Doch arm ist nun mein Herz, die Kraft zerronnen —
     Mir selbst blüht nun kein Blümchen am Gestade,
     Ich selbst muß kraftlos meinem Kummer weichen.


[102]

6.

Voll Seeligkeit, vom schönsten Traum geblendet,
     Von deinen Armen innig heiß umwunden,
     War mir des Pilgerlebens Angst verschwunden,
     Und Herz und Sinn mir wunderbar gewendet.

5
Dich, rief ich, hat ein Gott mir zugesendet,

     Nun bluten nicht mehr meiner Sehnsucht Wunden,
     In dir hab’ ich des Lebens Ziel gefunden,
     Und wohl mir nun, mein Irren ist beendet.

Du sahst mich an, es schwamm dein Blick in Thränen —

10
     Mein Freund, mein Einziger, hört’ ich dich lallen,

     Und fühlte heiß dein Herz an meinem schlagen —

Wie sollt’ ich da nicht hochbeglückt mich wähnen?
     Wer zweifelt noch, wenn voll von Wohlgefallen,
     Ich liebe dich, ihm deine Augen sagen.


[103]

7.

Und diese treuen Augen konnten trügen,
     Und dieses Blickes sanftes Wohlgefallen,
     Und dieses Busens liebevolles Wallen?
     Und diese Schmeichelworte konnten lügen?

5
Nicht trauen sollt’ ich diesen edeln Zügen —

     Ich seh’ es nun, der Schleyer ist gefallen;
     Doch wem soll noch mein Herz entgegenwallen,
     An wen soll ich mich noch vertrauend schmiegen?

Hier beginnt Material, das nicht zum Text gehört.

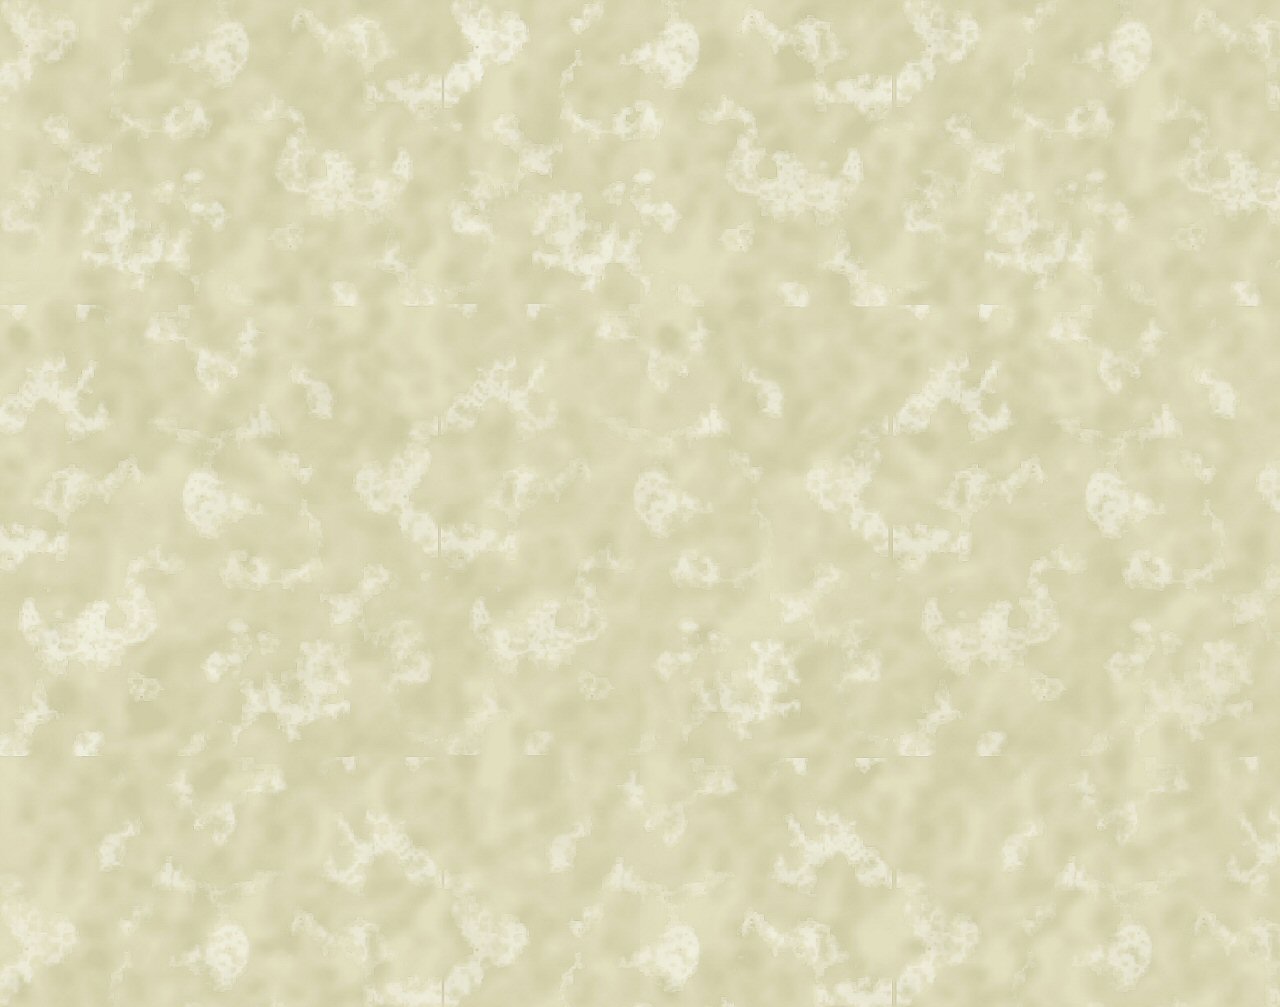 Creamy Texture Backgrounds

So will ichs denn mit festem Muthe schwören,

10
     Von nun an wandl’ ich einsam durch das Leben,

     Will keiner mehr die Hand zum Bündniß reichen.

Und sollte mich des Edeln Schein bethören,
     Dann soll den Wankenden dein Bild umschweben,
     Mich warnend in mich selbst zurück zu scheuchen.


[104]

8.

Dir zürn’ ich nicht, du hast mich nicht betrogen,
     Denn was du hattest, hast du mir gegeben;
     Schuld ist mein Herz, mit seinem heißen Streben,
     Das Engelstugend mir an dir gelogen.

5
Ich schuf dich mir — der Erde leicht entflogen,

     Riß ich dich hin, mit mir empor zu schweben;
     Auch blüht’ in dir ein neues, schönes Leben,
     Als ich in meine Welt dich fortgezogen.

Doch matt vom hohen, ungewohnten Fluge,

10
     Fielst du zurück durch deines Wesens Schwere,

     Und warfest von dir, was ich dir geliehen.

Da schwand dein Reiz, da staunt’ ich ob dem Truge,
     Da riß ich mich von dir, der lichten Sphäre
     Des Vaterlandes einsam zuzufliehen.